SMEs, tax and rewiring obsolete mindsets

The PTI government has been fire-fighting since coming to power

The writer has a business administration and marketing background and is an upcoming private entrepreneur in Islamabad. He can be reached at saad.gul2@gmail.com

Small- to medium-sized businesses in many developing economies constitute over 90% of the business population. In Pakistan, SMEs make about 90% of the economic establishment. However, they remain elusive to our economy; they don’t contribute towards financial prosperity. Simply put, the government’s income revenue off SMEs is extremely low.

Pakistan’s government does not make much money from direct taxes, quite alarming for a country, where SMEs contribute some 40% to the GDP, while their share in total tax revenues is estimated to be less than 10%. This means a 30% mismatch between revenues and expenses, most probably because the majority of SMEs are not registered with the Federal Board of Revenue (FBR).

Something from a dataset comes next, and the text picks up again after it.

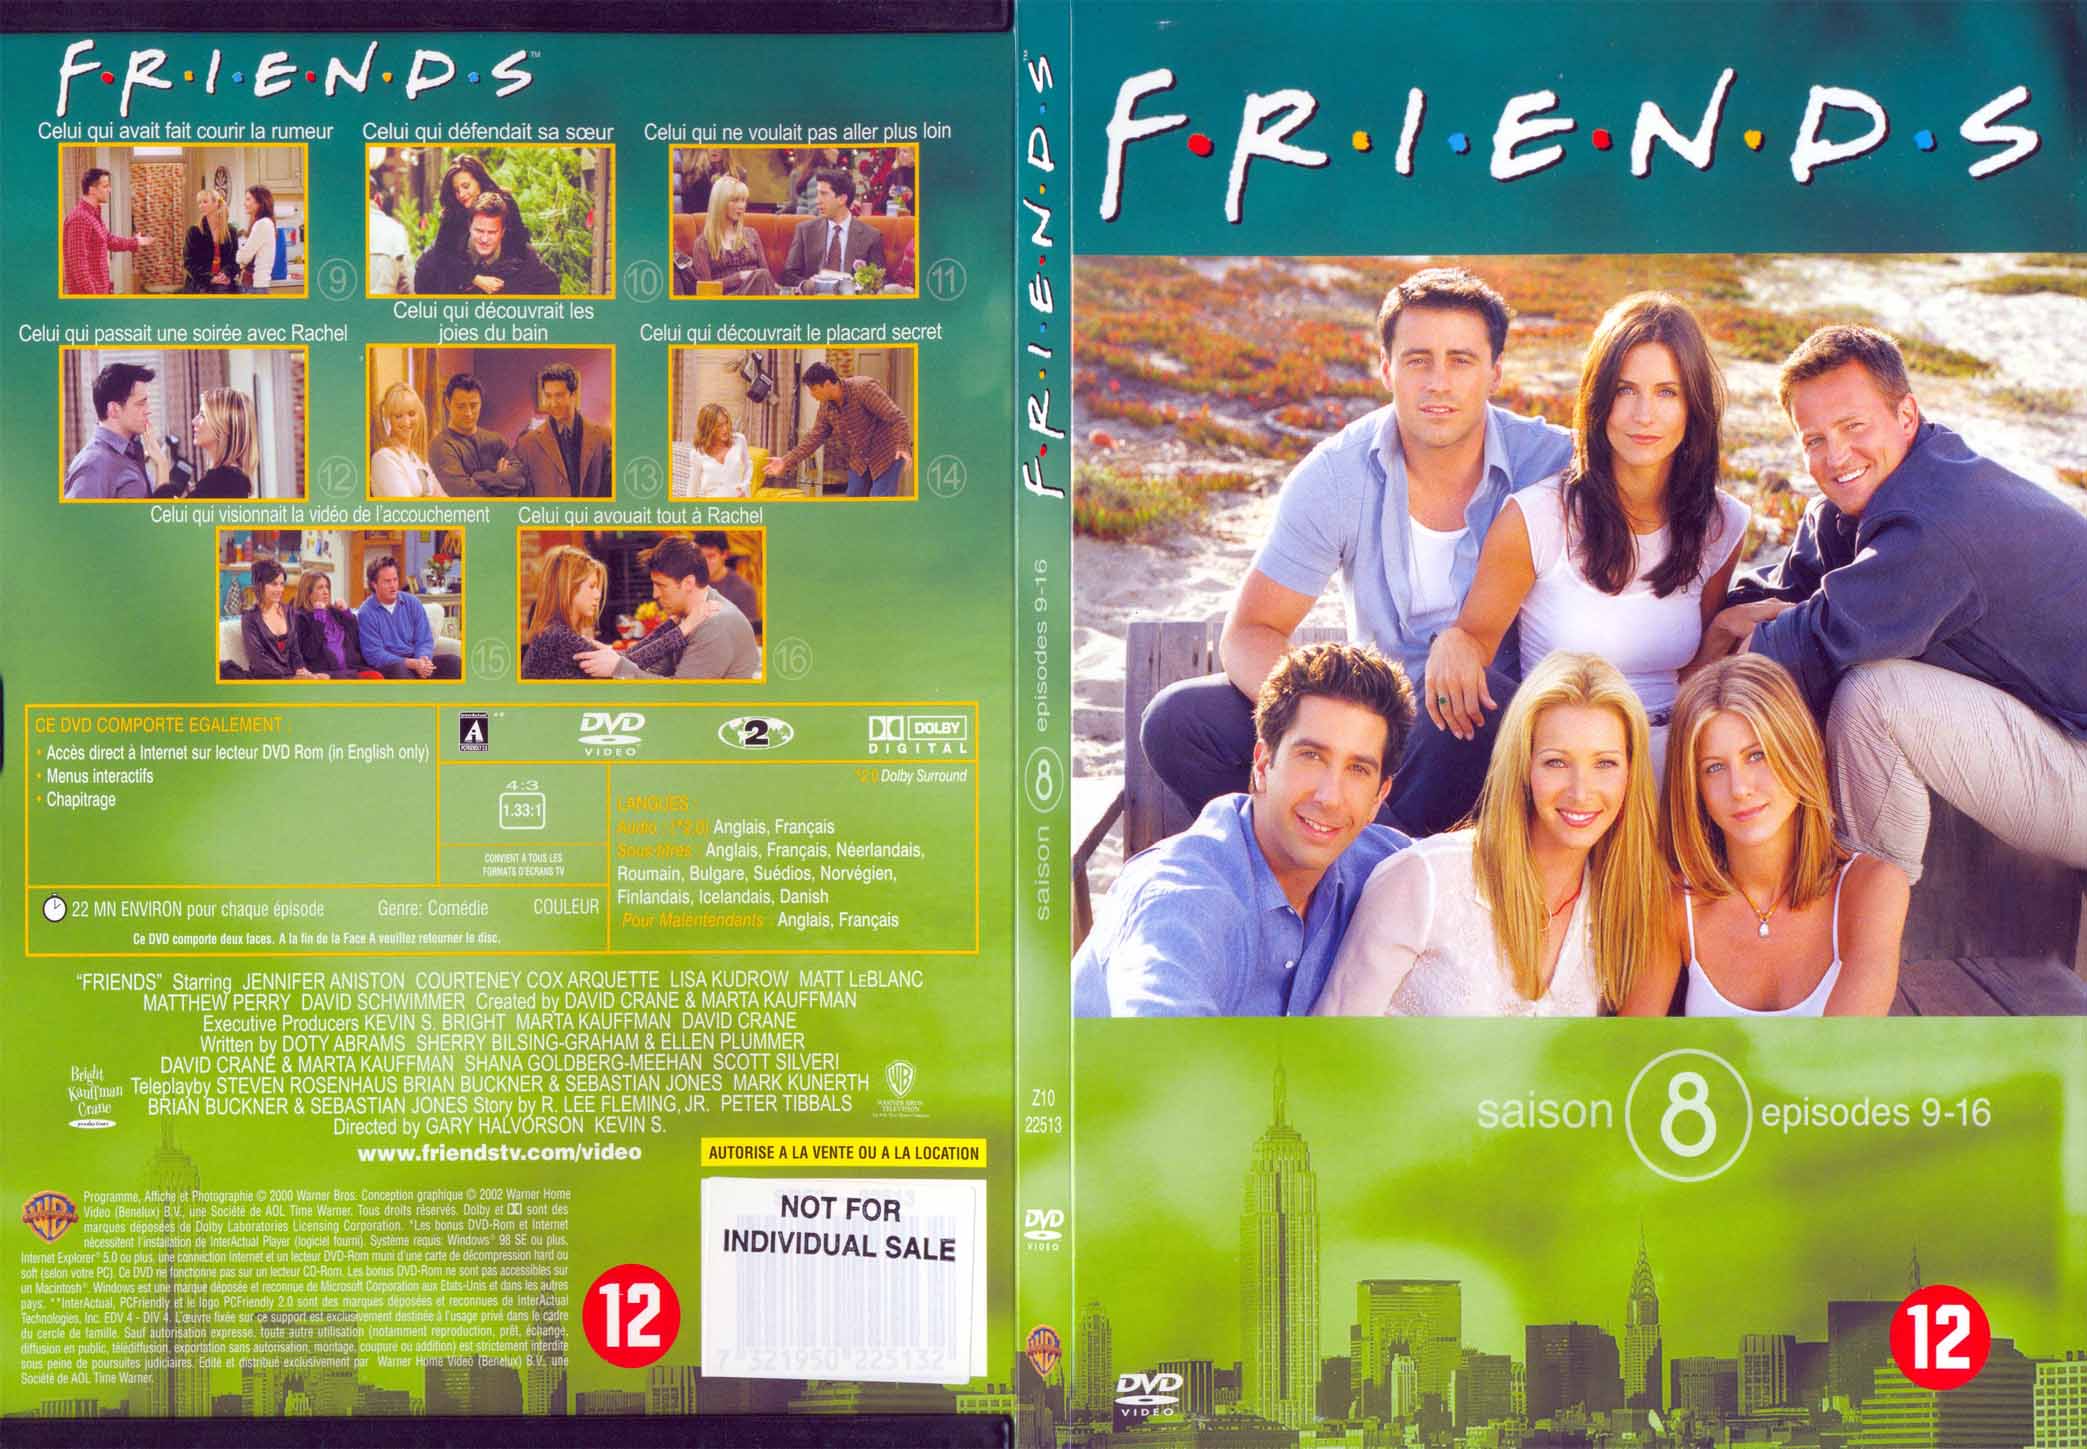 Jaquette DVD Friends saison 8 dvd 2 - SLIM

The deficit has to be mostly borrowed and repaid with interest. We have to take new loans to pay off older loans. Often, expensive foreign loans become the only resort, also to correct the imbalance in external trade. So the country is trapped in a vicious cycle of debts and their servicing because of lesser direct and indirect taxes off SMEs as well as disproportionate imports.

In developed countries like Canada and most of Europe, SMEs are the engine of the economy and their success is vital to economic prosperity and sustainability. Collectively, small businesses now account for about seven out of ten private sector jobs. These are the benchmarks we want to work towards. So how can we then start doing things a little differently to expect different results?

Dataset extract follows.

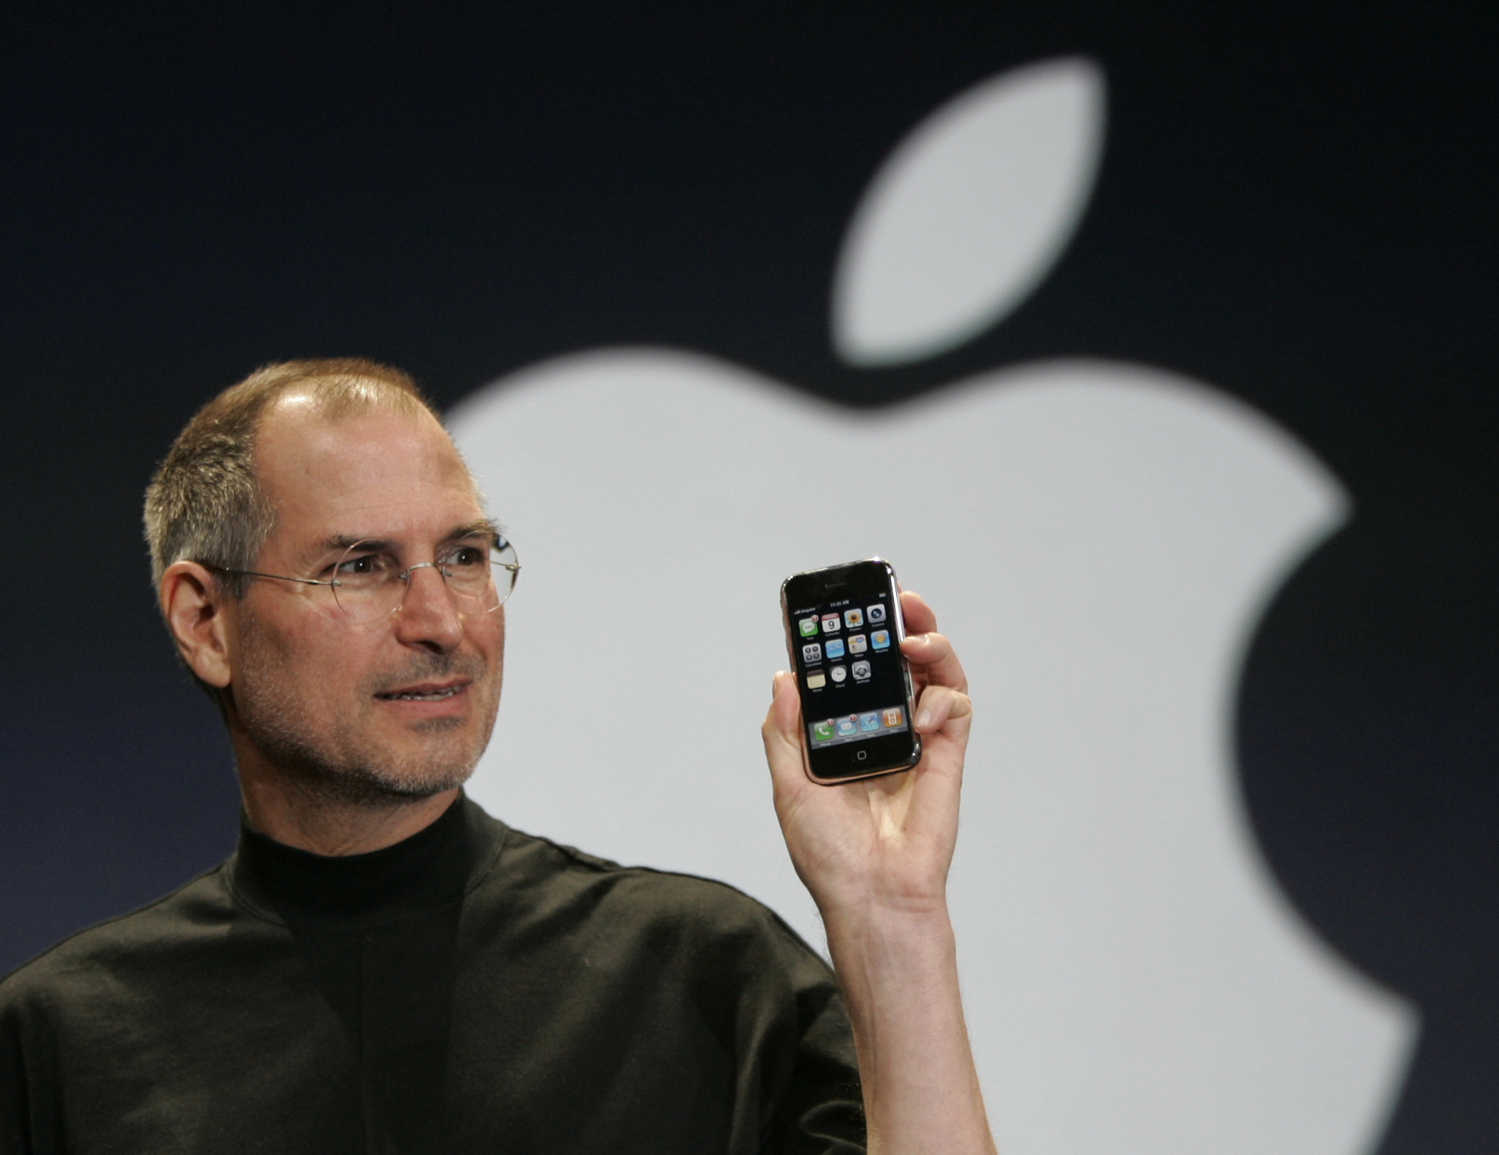 5. října 2011 nás opustil spoluzakladatel firmy Apple Steve Jobs, který pomohl vzniku a popularizaci dnešních dotykových smartphonů. Zemřel na rakovinu slinivky břišní.

Individually, we all have to realise that tax is not an end in itself. We have to change the culture of tax evasion. Plug the holes that big and small businesses exploit in connivance with the FBR to cheat the state off revenues. We need to sensitise people at large that taxes are not a penalty or punishment; paying taxes is our responsibility as citizens of this country. Citizens of all developed economies pay their taxes; Pakistanis also need to stop pretending that ‘it is alright because if no one else is paying tax, why should we?’ This prevalent herd mindset ought to be shunned.

Individuals and business owners of SMEs have to start paying their share of taxes. We must learn the difference between tax evasion, which is criminal, and tax optimisation, which is unethical but not illegal.


We must be ready to do our part whole heartedly. Our trust with the state has been shattered for decades but rationality says that we must learn to trust again.

With Shabbar Rizvi as the chief taxman, one would hope new, innovative measures will be taken to rewire the country’s mindset to a completely new way of thinking. The FBR has to inject confidence and lobby for honest tax payment, instead of acting as an extractive and blackmailing institution.

The PTI government has been fire-fighting since coming to power. It will have to repay $37 billion in the next three to four years. And the debt mountain is likely to grow for the simple reason that the capacity of the large-scale manufacturing, SMEs and agriculture has largely remained stagnant. Corrupt practices and mindless imports on the other hand have been a resource drain on a weak and cash-strapped economy. For most Pakistanis, Khan’s endless rhetoric on corruption and foreign loans has become a drag on nerves in times when they have been hit hard by the spiraling inflation.

The new FBR chairman may, hopefully, inject new thinking on revenue collection, and open avenues for greater financial resources. The only way to do so is through radical reform by experts and not civil servants, who are mostly hostage to the Planning Commission regime, and are usually shy of thinking out of the box.

Published in The Express Tribune, May 13th, 2019.